◆ Data for analysis ◆
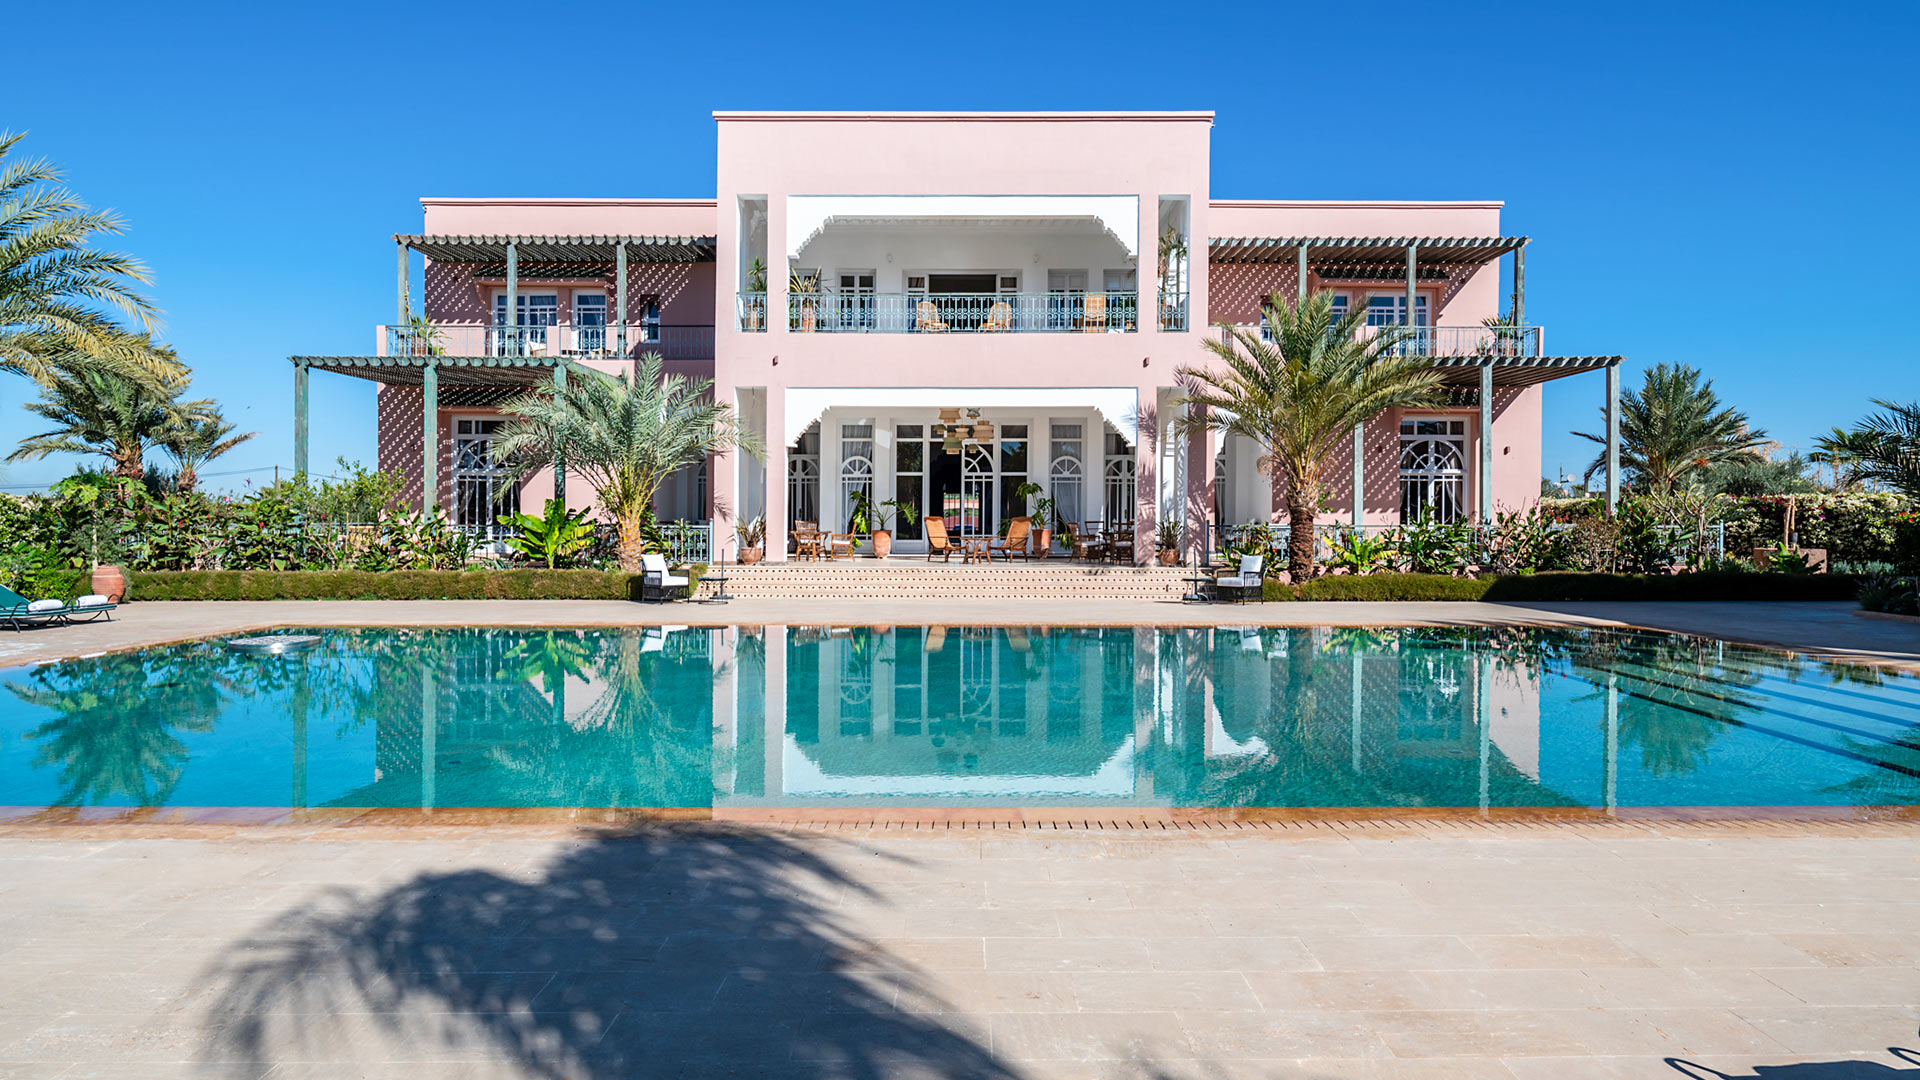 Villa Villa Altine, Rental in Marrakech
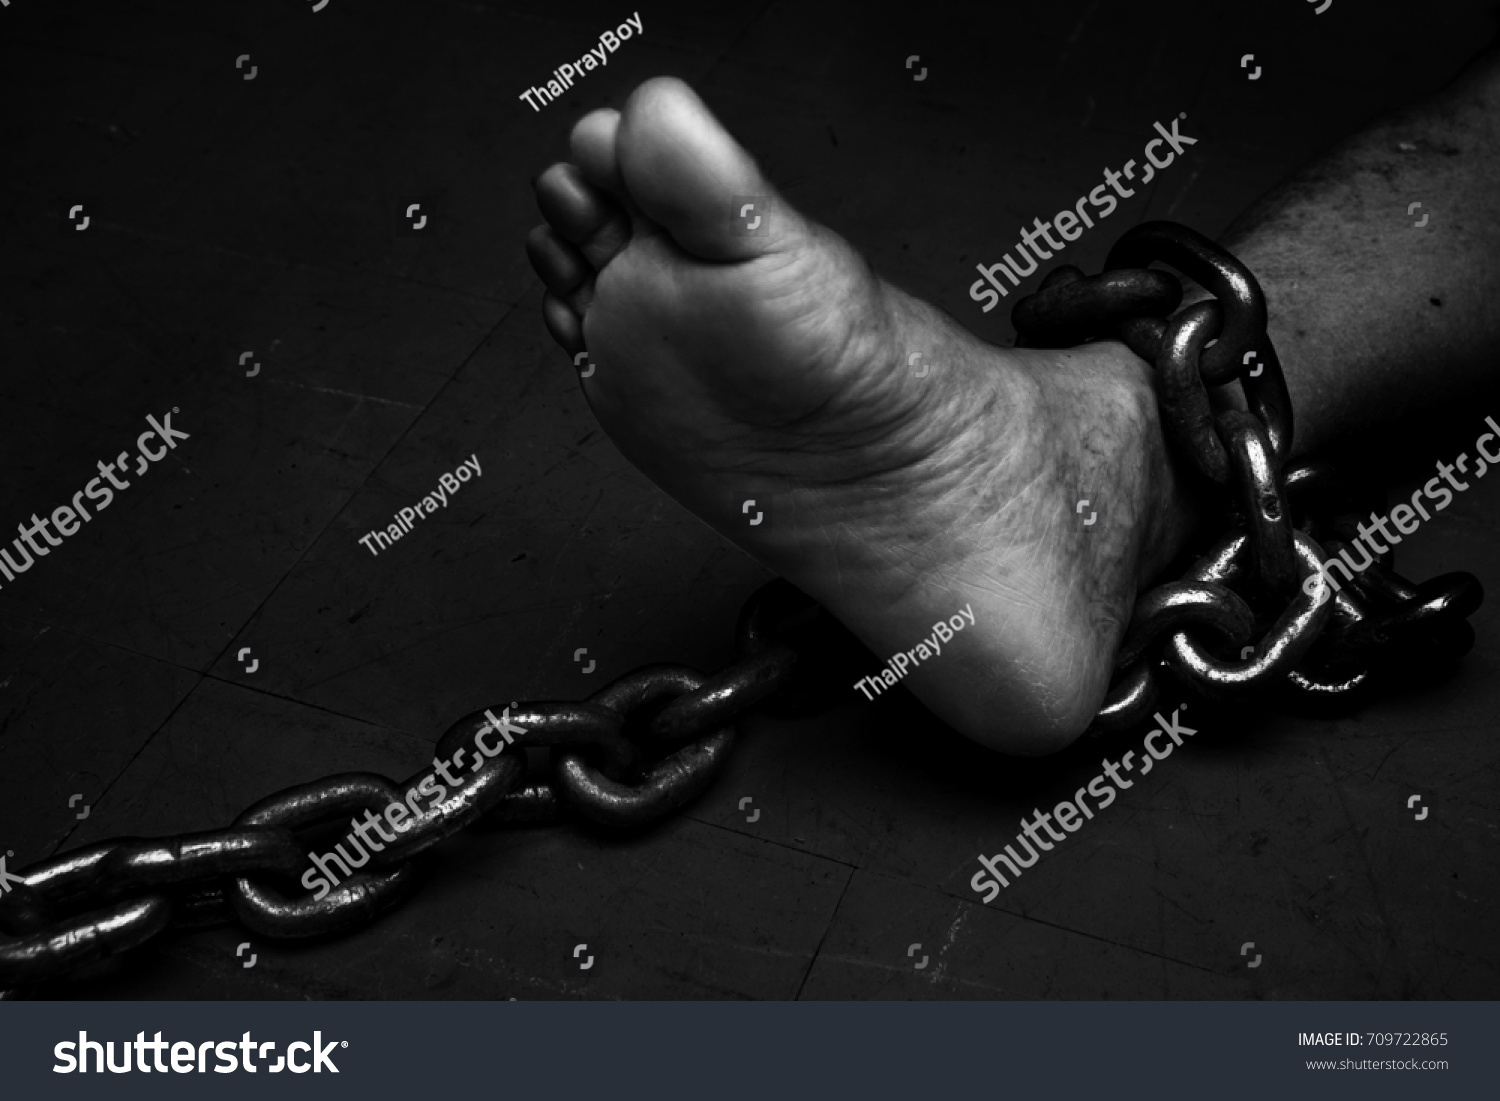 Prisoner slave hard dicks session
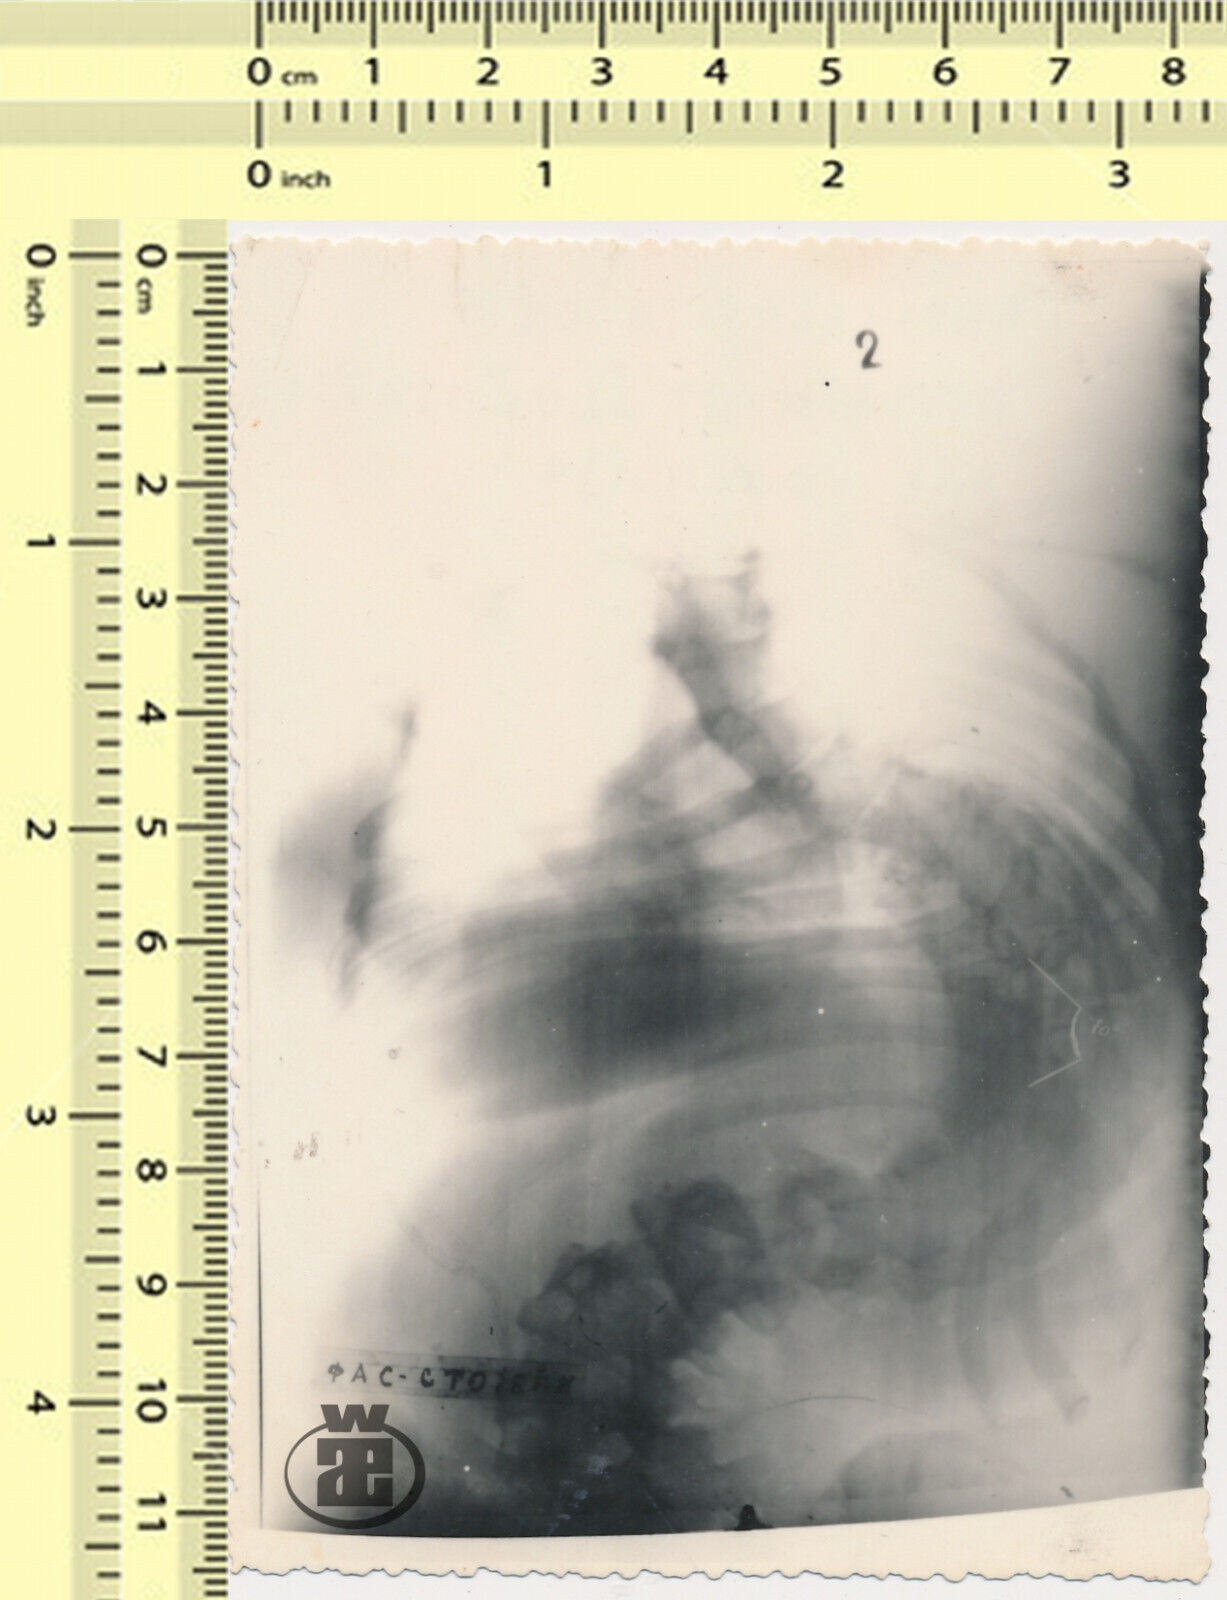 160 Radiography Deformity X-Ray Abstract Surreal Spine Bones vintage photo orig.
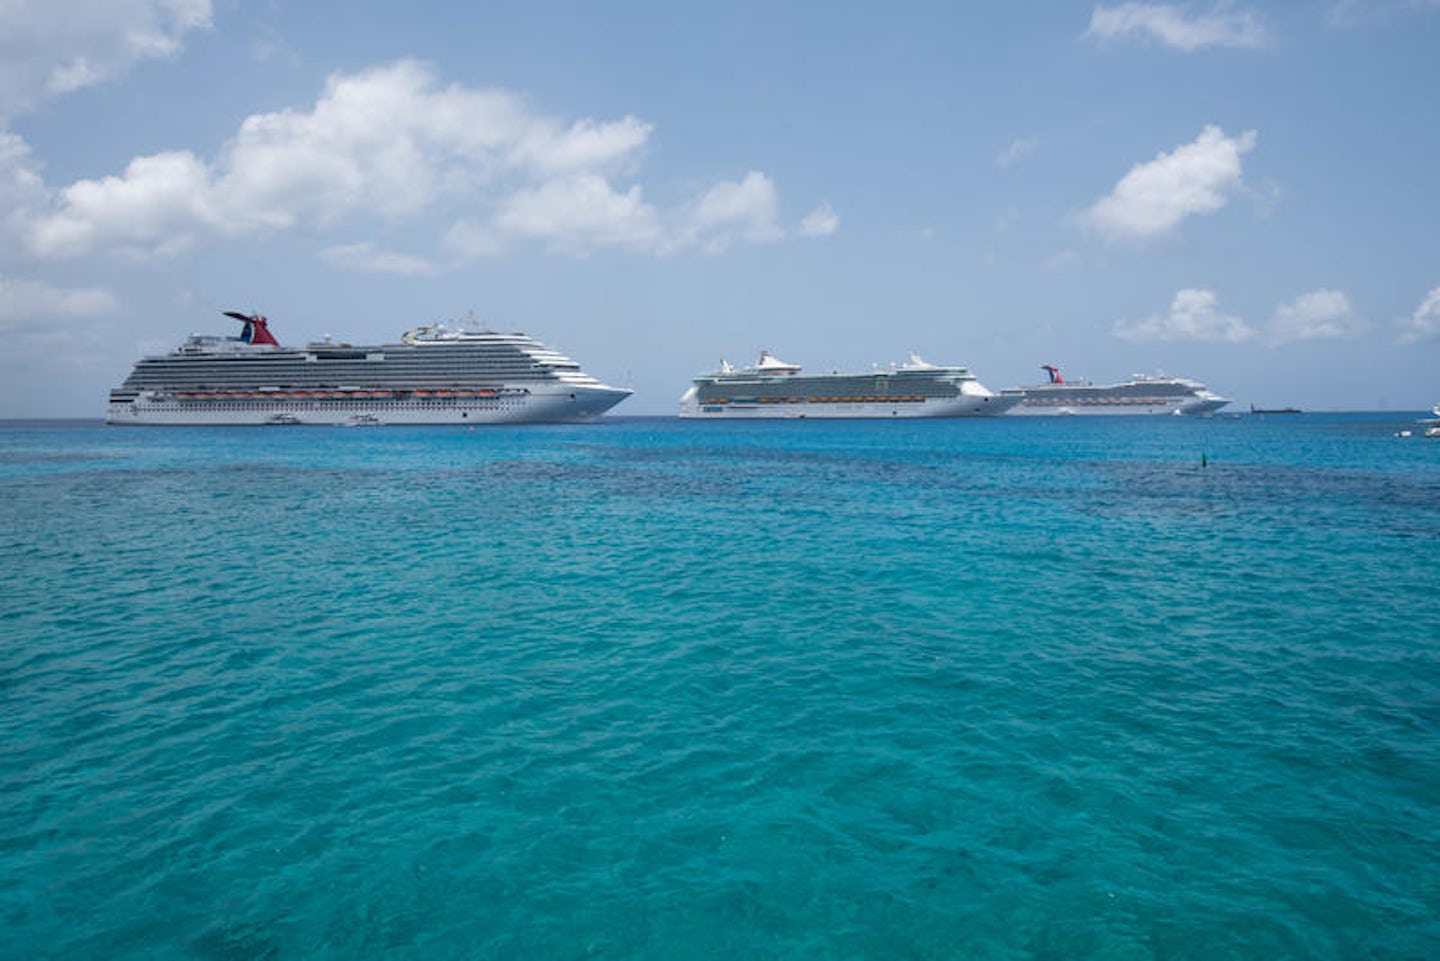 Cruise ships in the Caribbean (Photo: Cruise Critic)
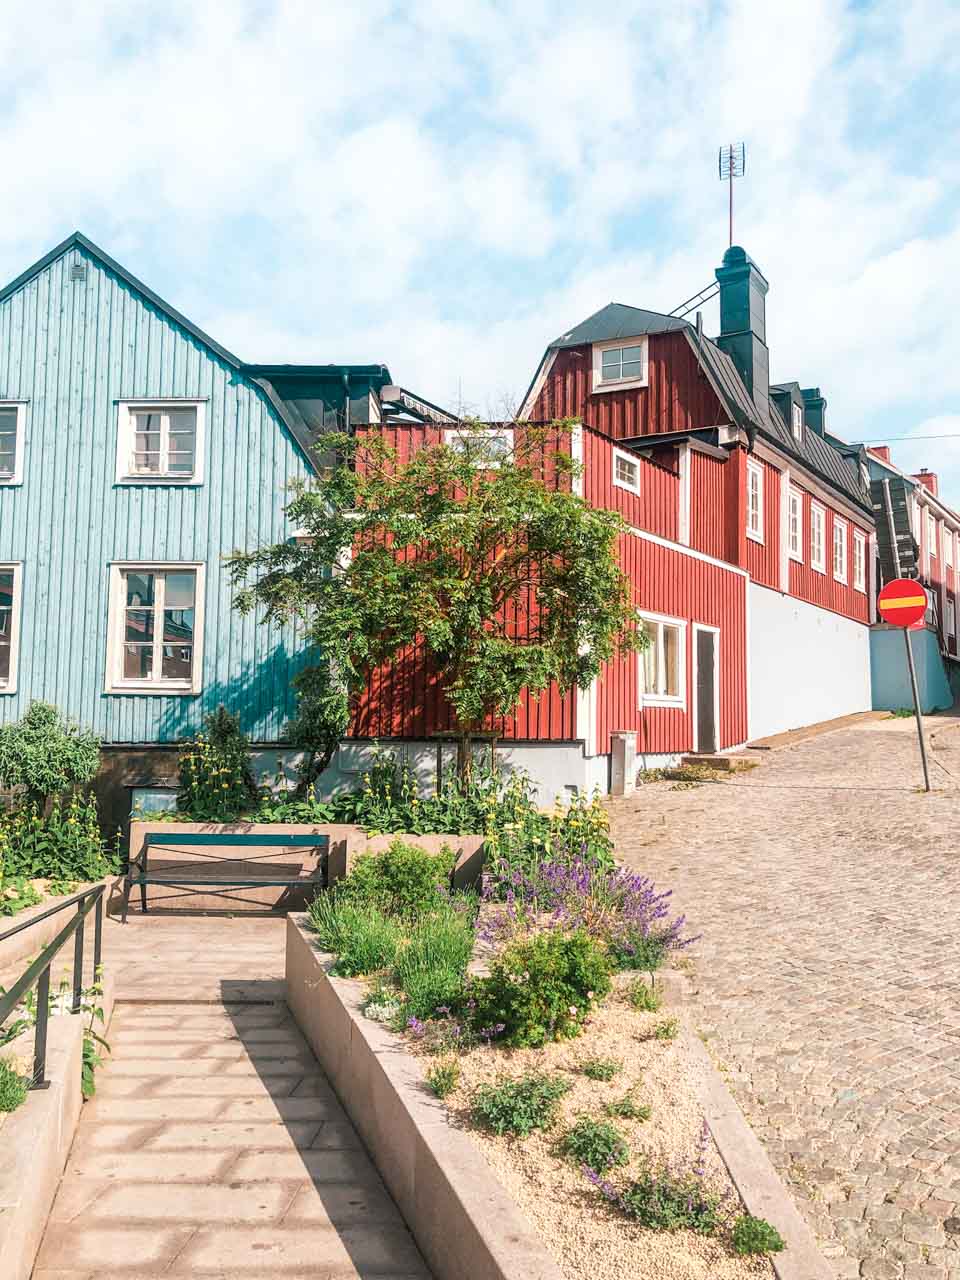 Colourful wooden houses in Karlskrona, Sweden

◆ What you will do ◆
From the line containing "Prisoner slave hard dicks session" down to the last line of the entries above, copy each line exactly and nothing more. Leave pictures out.

◆ Answer below ◆
 Prisoner slave hard dicks session
 160 Radiography Deformity X-Ray Abstract Surreal Spine Bones vintage photo orig.
 Cruise ships in the Caribbean (Photo: Cruise Critic)
 Colourful wooden houses in Karlskrona, Sweden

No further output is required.